Exercise requirements:
Copy, word for word, the lines below from the one containing "Vintage large pewter with crest plate, 1970s" up to and including the one containing "Wall plate made", with pictures left out.

Data for the task:
------------------------------------

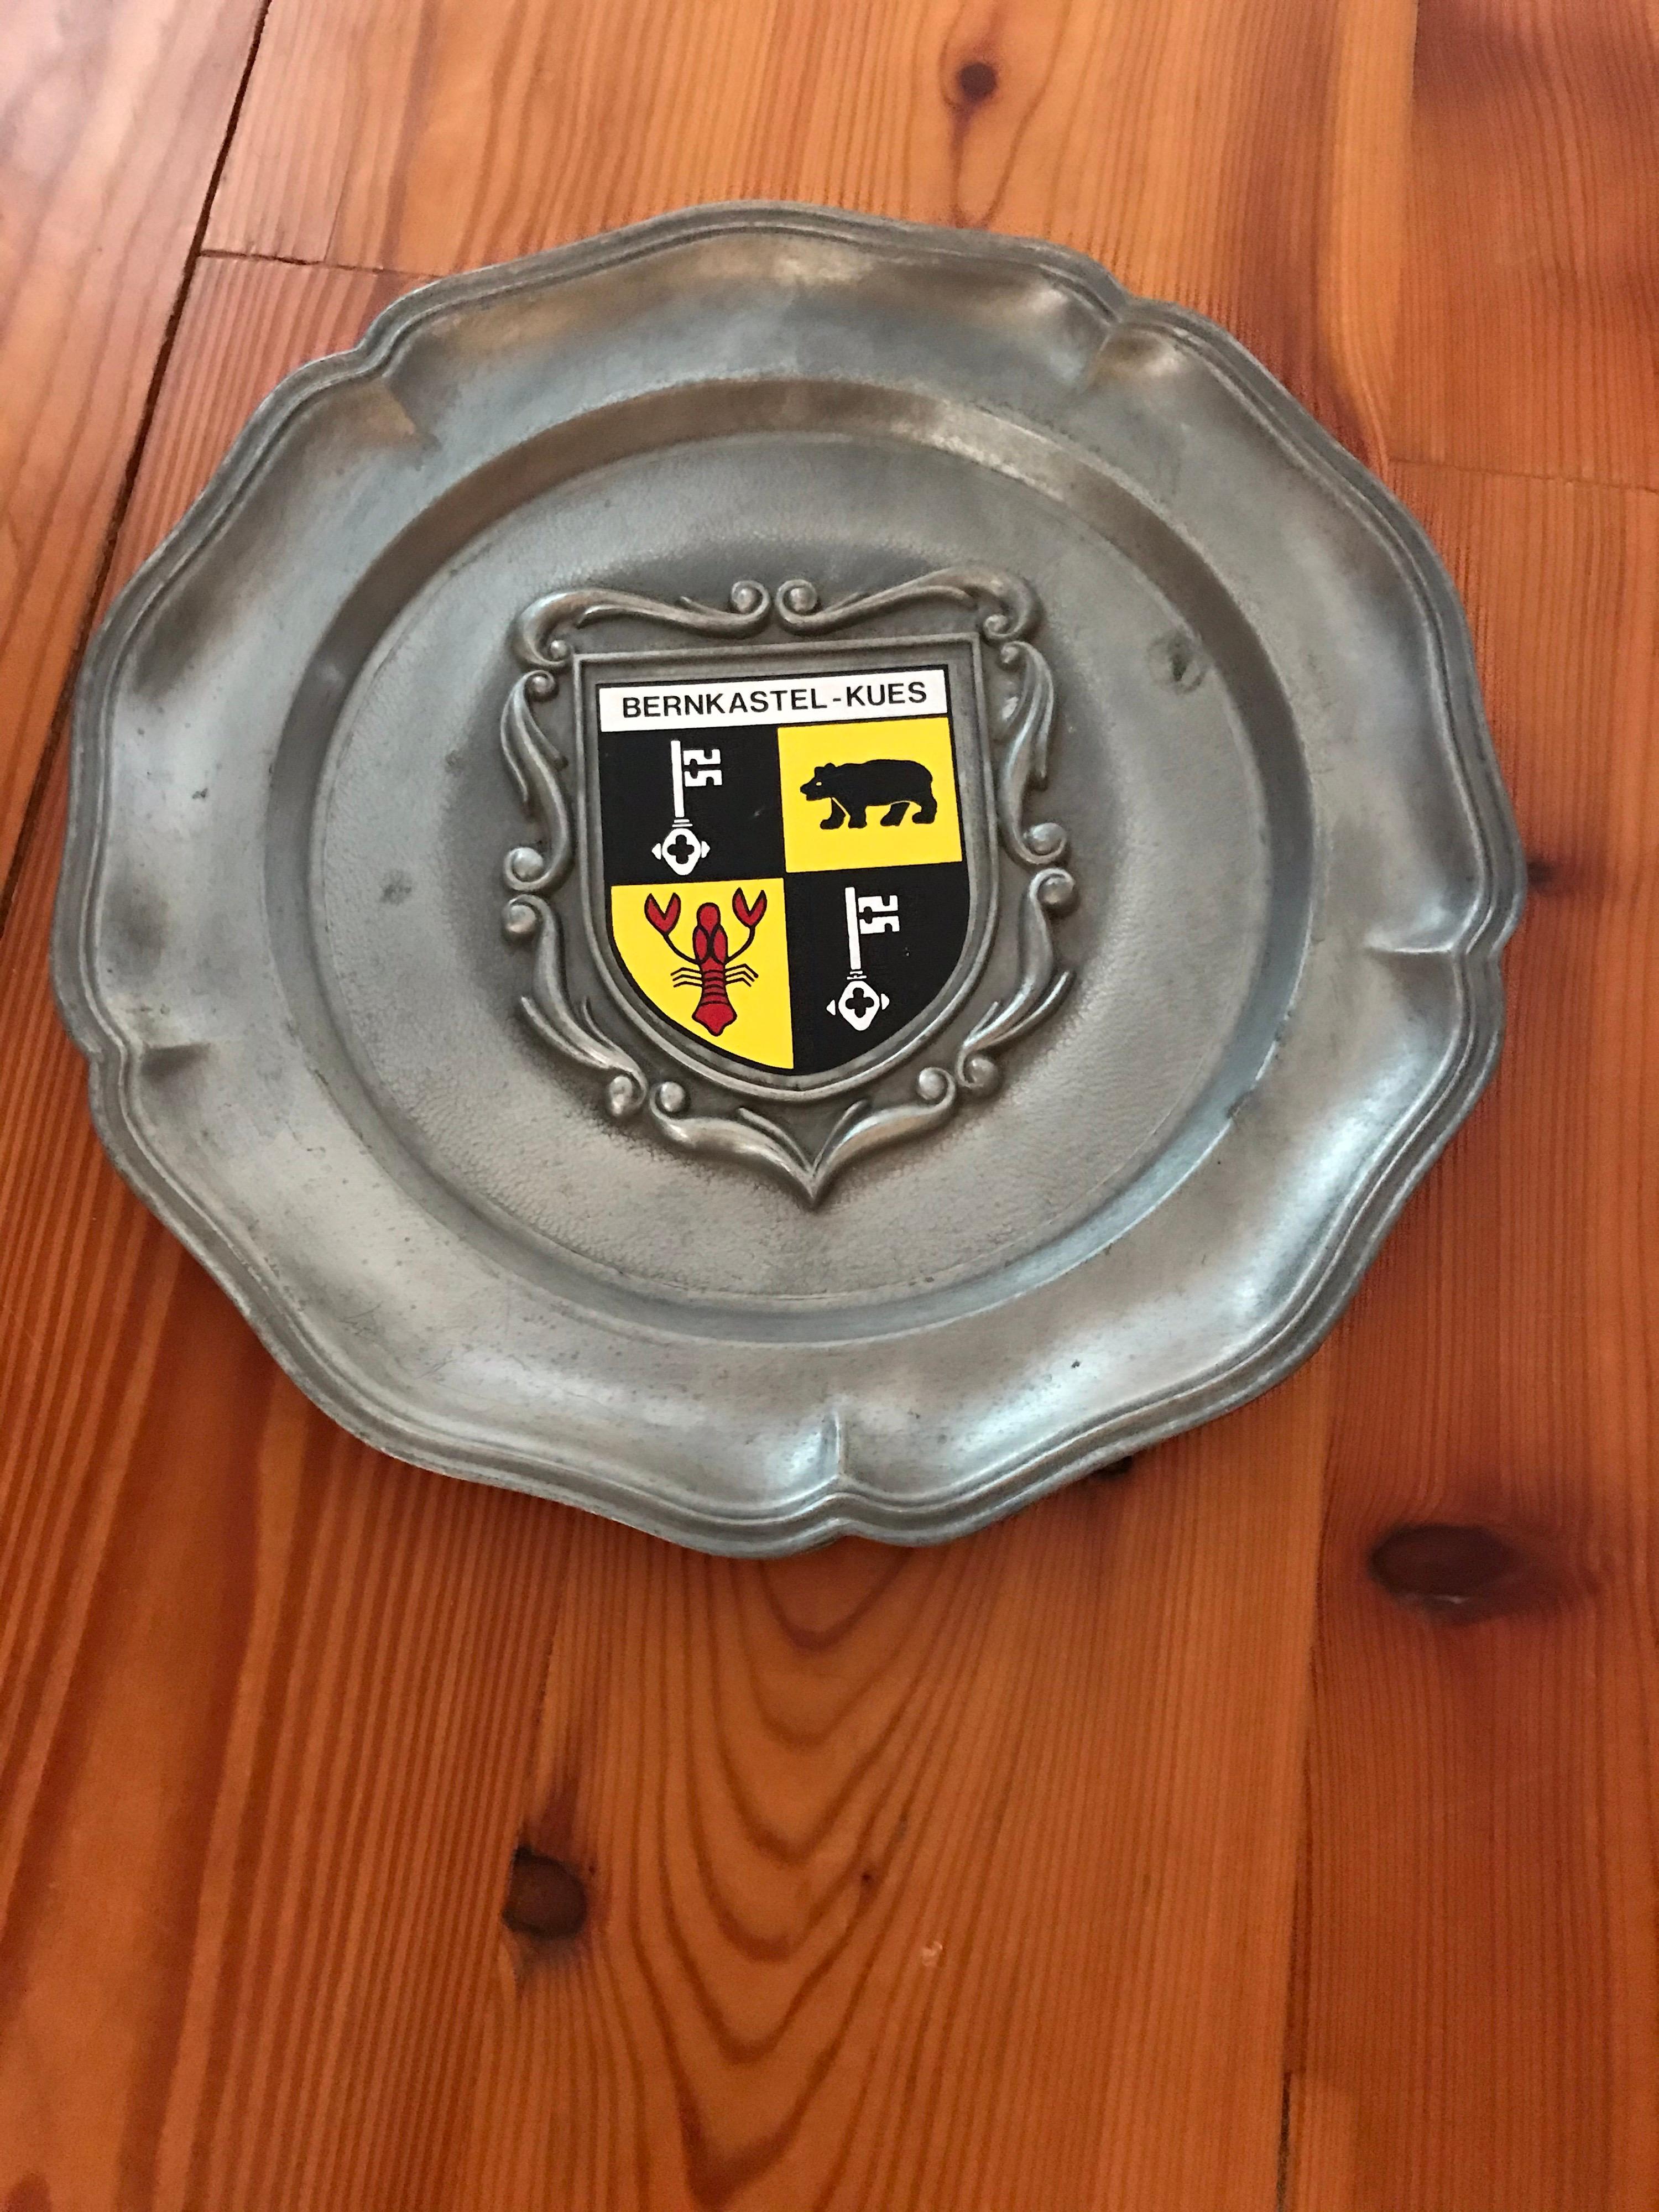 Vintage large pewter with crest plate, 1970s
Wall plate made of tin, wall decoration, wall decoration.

------------------------------------

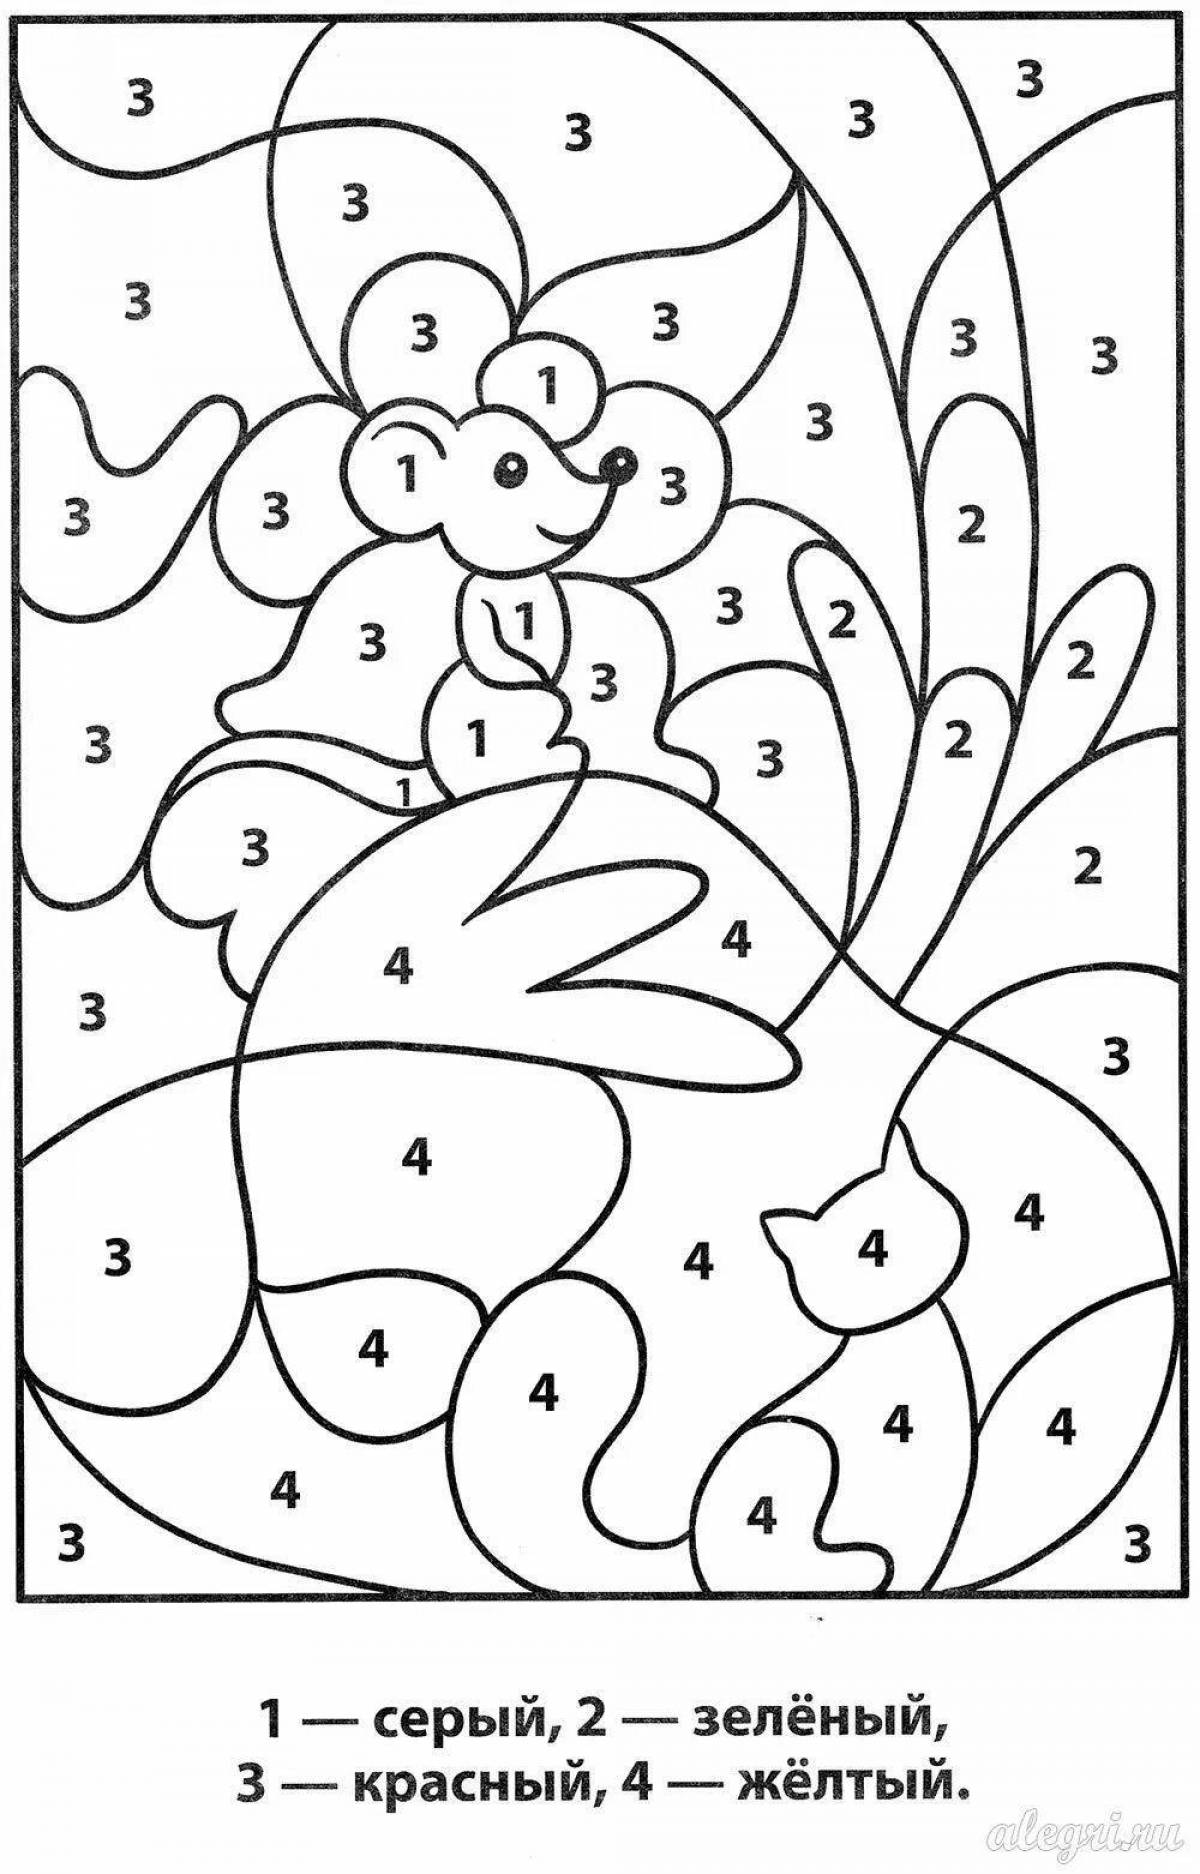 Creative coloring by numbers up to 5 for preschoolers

------------------------------------

Response to the task:
 Vintage large pewter with crest plate, 1970s
Wall plate made of tin, wall decoration, wall decoration.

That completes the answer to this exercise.